**Dataset**.
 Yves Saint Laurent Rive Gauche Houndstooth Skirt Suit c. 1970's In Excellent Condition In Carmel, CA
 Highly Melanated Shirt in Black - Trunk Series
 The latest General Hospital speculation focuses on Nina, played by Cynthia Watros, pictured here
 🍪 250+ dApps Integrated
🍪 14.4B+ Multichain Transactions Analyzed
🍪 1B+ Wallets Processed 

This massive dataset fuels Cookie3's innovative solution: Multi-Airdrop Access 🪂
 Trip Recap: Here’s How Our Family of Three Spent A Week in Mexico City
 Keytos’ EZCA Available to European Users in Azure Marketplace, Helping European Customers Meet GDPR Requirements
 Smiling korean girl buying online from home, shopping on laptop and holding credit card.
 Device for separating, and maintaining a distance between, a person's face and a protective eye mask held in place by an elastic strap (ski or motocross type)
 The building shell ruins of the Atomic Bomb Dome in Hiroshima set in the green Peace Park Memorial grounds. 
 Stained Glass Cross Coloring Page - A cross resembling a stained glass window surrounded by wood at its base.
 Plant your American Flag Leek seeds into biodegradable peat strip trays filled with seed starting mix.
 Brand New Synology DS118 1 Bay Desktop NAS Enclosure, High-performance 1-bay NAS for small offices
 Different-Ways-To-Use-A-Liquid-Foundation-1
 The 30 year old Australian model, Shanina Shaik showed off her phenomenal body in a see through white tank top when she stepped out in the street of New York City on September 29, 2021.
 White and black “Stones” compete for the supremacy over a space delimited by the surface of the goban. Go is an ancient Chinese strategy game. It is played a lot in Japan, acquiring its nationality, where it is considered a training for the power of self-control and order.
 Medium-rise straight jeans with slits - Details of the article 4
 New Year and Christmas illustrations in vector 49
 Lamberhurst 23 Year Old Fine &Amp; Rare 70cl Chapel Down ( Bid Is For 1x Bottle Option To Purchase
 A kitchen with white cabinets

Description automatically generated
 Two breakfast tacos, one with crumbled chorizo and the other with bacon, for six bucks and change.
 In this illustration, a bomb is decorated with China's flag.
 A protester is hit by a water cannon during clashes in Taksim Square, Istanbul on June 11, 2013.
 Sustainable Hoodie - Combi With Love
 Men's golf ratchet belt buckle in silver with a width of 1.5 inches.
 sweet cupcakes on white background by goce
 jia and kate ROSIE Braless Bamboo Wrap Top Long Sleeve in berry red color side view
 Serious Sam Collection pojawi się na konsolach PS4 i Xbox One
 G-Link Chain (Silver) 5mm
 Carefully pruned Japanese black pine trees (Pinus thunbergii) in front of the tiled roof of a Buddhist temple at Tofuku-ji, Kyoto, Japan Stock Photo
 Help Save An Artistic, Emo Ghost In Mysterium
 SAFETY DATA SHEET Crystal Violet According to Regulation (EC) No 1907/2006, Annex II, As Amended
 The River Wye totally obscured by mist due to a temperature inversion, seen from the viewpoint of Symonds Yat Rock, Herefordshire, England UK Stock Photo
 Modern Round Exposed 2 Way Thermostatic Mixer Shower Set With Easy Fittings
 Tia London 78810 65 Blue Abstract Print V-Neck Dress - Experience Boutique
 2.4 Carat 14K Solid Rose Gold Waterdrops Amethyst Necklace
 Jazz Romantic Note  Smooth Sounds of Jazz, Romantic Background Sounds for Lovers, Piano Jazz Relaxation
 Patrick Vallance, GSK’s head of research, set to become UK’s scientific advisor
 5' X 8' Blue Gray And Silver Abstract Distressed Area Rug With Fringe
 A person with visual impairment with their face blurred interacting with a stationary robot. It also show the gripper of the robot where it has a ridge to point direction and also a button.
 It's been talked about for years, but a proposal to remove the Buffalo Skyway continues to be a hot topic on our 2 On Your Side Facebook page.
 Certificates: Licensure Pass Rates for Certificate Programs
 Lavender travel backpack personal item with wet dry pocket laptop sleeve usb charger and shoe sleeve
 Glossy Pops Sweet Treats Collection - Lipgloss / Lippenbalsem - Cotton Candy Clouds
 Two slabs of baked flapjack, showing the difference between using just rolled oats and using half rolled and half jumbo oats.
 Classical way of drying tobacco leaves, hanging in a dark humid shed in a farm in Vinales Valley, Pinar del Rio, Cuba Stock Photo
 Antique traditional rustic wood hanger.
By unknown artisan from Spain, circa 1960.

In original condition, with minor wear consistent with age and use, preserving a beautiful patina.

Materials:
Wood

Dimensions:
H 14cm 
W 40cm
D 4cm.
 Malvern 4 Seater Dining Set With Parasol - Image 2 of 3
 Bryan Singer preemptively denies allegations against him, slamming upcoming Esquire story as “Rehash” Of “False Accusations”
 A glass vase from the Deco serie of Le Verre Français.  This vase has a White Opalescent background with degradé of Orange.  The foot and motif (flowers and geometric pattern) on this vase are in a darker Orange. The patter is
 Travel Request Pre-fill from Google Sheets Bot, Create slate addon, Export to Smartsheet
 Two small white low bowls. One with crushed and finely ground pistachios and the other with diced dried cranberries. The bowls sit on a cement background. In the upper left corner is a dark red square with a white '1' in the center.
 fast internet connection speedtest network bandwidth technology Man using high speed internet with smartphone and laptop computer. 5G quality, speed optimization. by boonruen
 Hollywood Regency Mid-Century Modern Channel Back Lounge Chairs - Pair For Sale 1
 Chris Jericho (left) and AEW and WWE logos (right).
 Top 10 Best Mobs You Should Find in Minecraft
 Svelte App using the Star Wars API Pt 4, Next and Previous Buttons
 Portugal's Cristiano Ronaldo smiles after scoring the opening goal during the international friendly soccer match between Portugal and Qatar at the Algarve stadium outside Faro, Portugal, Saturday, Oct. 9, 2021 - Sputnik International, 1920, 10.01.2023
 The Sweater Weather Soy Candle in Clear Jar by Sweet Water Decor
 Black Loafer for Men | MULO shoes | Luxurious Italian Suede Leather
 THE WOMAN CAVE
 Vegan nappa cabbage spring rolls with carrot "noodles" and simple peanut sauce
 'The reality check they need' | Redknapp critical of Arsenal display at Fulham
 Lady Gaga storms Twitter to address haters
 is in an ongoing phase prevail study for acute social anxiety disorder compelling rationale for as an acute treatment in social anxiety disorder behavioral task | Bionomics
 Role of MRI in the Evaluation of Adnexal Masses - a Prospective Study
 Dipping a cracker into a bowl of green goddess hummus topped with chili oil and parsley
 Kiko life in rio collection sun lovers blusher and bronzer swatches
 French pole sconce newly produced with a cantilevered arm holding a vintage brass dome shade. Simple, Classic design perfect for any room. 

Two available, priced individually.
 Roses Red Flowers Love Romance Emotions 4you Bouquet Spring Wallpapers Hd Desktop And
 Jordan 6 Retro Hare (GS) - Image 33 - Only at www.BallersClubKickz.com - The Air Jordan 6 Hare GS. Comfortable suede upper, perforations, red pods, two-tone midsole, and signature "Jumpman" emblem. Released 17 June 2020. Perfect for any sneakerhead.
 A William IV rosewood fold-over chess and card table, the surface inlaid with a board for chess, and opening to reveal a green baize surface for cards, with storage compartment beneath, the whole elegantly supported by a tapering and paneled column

**What this task involves**.
Retype all of the data word for word.

**Output for this task**.
 Yves Saint Laurent Rive Gauche Houndstooth Skirt Suit c. 1970's In Excellent Condition In Carmel, CA
 Highly Melanated Shirt in Black - Trunk Series
 The latest General Hospital speculation focuses on Nina, played by Cynthia Watros, pictured here
 🍪 250+ dApps Integrated
🍪 14.4B+ Multichain Transactions Analyzed
🍪 1B+ Wallets Processed 

This massive dataset fuels Cookie3's innovative solution: Multi-Airdrop Access 🪂
 Trip Recap: Here’s How Our Family of Three Spent A Week in Mexico City
 Keytos’ EZCA Available to European Users in Azure Marketplace, Helping European Customers Meet GDPR Requirements
 Smiling korean girl buying online from home, shopping on laptop and holding credit card.
 Device for separating, and maintaining a distance between, a person's face and a protective eye mask held in place by an elastic strap (ski or motocross type)
 The building shell ruins of the Atomic Bomb Dome in Hiroshima set in the green Peace Park Memorial grounds. 
 Stained Glass Cross Coloring Page - A cross resembling a stained glass window surrounded by wood at its base.
 Plant your American Flag Leek seeds into biodegradable peat strip trays filled with seed starting mix.
 Brand New Synology DS118 1 Bay Desktop NAS Enclosure, High-performance 1-bay NAS for small offices
 Different-Ways-To-Use-A-Liquid-Foundation-1
 The 30 year old Australian model, Shanina Shaik showed off her phenomenal body in a see through white tank top when she stepped out in the street of New York City on September 29, 2021.
 White and black “Stones” compete for the supremacy over a space delimited by the surface of the goban. Go is an ancient Chinese strategy game. It is played a lot in Japan, acquiring its nationality, where it is considered a training for the power of self-control and order.
 Medium-rise straight jeans with slits - Details of the article 4
 New Year and Christmas illustrations in vector 49
 Lamberhurst 23 Year Old Fine &Amp; Rare 70cl Chapel Down ( Bid Is For 1x Bottle Option To Purchase
 A kitchen with white cabinets

Description automatically generated
 Two breakfast tacos, one with crumbled chorizo and the other with bacon, for six bucks and change.
 In this illustration, a bomb is decorated with China's flag.
 A protester is hit by a water cannon during clashes in Taksim Square, Istanbul on June 11, 2013.
 Sustainable Hoodie - Combi With Love
 Men's golf ratchet belt buckle in silver with a width of 1.5 inches.
 sweet cupcakes on white background by goce
 jia and kate ROSIE Braless Bamboo Wrap Top Long Sleeve in berry red color side view
 Serious Sam Collection pojawi się na konsolach PS4 i Xbox One
 G-Link Chain (Silver) 5mm
 Carefully pruned Japanese black pine trees (Pinus thunbergii) in front of the tiled roof of a Buddhist temple at Tofuku-ji, Kyoto, Japan Stock Photo
 Help Save An Artistic, Emo Ghost In Mysterium
 SAFETY DATA SHEET Crystal Violet According to Regulation (EC) No 1907/2006, Annex II, As Amended
 The River Wye totally obscured by mist due to a temperature inversion, seen from the viewpoint of Symonds Yat Rock, Herefordshire, England UK Stock Photo
 Modern Round Exposed 2 Way Thermostatic Mixer Shower Set With Easy Fittings
 Tia London 78810 65 Blue Abstract Print V-Neck Dress - Experience Boutique
 2.4 Carat 14K Solid Rose Gold Waterdrops Amethyst Necklace
 Jazz Romantic Note  Smooth Sounds of Jazz, Romantic Background Sounds for Lovers, Piano Jazz Relaxation
 Patrick Vallance, GSK’s head of research, set to become UK’s scientific advisor
 5' X 8' Blue Gray And Silver Abstract Distressed Area Rug With Fringe
 A person with visual impairment with their face blurred interacting with a stationary robot. It also show the gripper of the robot where it has a ridge to point direction and also a button.
 It's been talked about for years, but a proposal to remove the Buffalo Skyway continues to be a hot topic on our 2 On Your Side Facebook page.
 Certificates: Licensure Pass Rates for Certificate Programs
 Lavender travel backpack personal item with wet dry pocket laptop sleeve usb charger and shoe sleeve
 Glossy Pops Sweet Treats Collection - Lipgloss / Lippenbalsem - Cotton Candy Clouds
 Two slabs of baked flapjack, showing the difference between using just rolled oats and using half rolled and half jumbo oats.
 Classical way of drying tobacco leaves, hanging in a dark humid shed in a farm in Vinales Valley, Pinar del Rio, Cuba Stock Photo
 Antique traditional rustic wood hanger.
By unknown artisan from Spain, circa 1960.

In original condition, with minor wear consistent with age and use, preserving a beautiful patina.

Materials:
Wood

Dimensions:
H 14cm 
W 40cm
D 4cm.
 Malvern 4 Seater Dining Set With Parasol - Image 2 of 3
 Bryan Singer preemptively denies allegations against him, slamming upcoming Esquire story as “Rehash” Of “False Accusations”
 A glass vase from the Deco serie of Le Verre Français.  This vase has a White Opalescent background with degradé of Orange.  The foot and motif (flowers and geometric pattern) on this vase are in a darker Orange. The patter is
 Travel Request Pre-fill from Google Sheets Bot, Create slate addon, Export to Smartsheet
 Two small white low bowls. One with crushed and finely ground pistachios and the other with diced dried cranberries. The bowls sit on a cement background. In the upper left corner is a dark red square with a white '1' in the center.
 fast internet connection speedtest network bandwidth technology Man using high speed internet with smartphone and laptop computer. 5G quality, speed optimization. by boonruen
 Hollywood Regency Mid-Century Modern Channel Back Lounge Chairs - Pair For Sale 1
 Chris Jericho (left) and AEW and WWE logos (right).
 Top 10 Best Mobs You Should Find in Minecraft
 Svelte App using the Star Wars API Pt 4, Next and Previous Buttons
 Portugal's Cristiano Ronaldo smiles after scoring the opening goal during the international friendly soccer match between Portugal and Qatar at the Algarve stadium outside Faro, Portugal, Saturday, Oct. 9, 2021 - Sputnik International, 1920, 10.01.2023
 The Sweater Weather Soy Candle in Clear Jar by Sweet Water Decor
 Black Loafer for Men | MULO shoes | Luxurious Italian Suede Leather
 THE WOMAN CAVE
 Vegan nappa cabbage spring rolls with carrot "noodles" and simple peanut sauce
 'The reality check they need' | Redknapp critical of Arsenal display at Fulham
 Lady Gaga storms Twitter to address haters
 is in an ongoing phase prevail study for acute social anxiety disorder compelling rationale for as an acute treatment in social anxiety disorder behavioral task | Bionomics
 Role of MRI in the Evaluation of Adnexal Masses - a Prospective Study
 Dipping a cracker into a bowl of green goddess hummus topped with chili oil and parsley
 Kiko life in rio collection sun lovers blusher and bronzer swatches
 French pole sconce newly produced with a cantilevered arm holding a vintage brass dome shade. Simple, Classic design perfect for any room. 

Two available, priced individually.
 Roses Red Flowers Love Romance Emotions 4you Bouquet Spring Wallpapers Hd Desktop And
 Jordan 6 Retro Hare (GS) - Image 33 - Only at www.BallersClubKickz.com - The Air Jordan 6 Hare GS. Comfortable suede upper, perforations, red pods, two-tone midsole, and signature "Jumpman" emblem. Released 17 June 2020. Perfect for any sneakerhead.
 A William IV rosewood fold-over chess and card table, the surface inlaid with a board for chess, and opening to reveal a green baize surface for cards, with storage compartment beneath, the whole elegantly supported by a tapering and paneled column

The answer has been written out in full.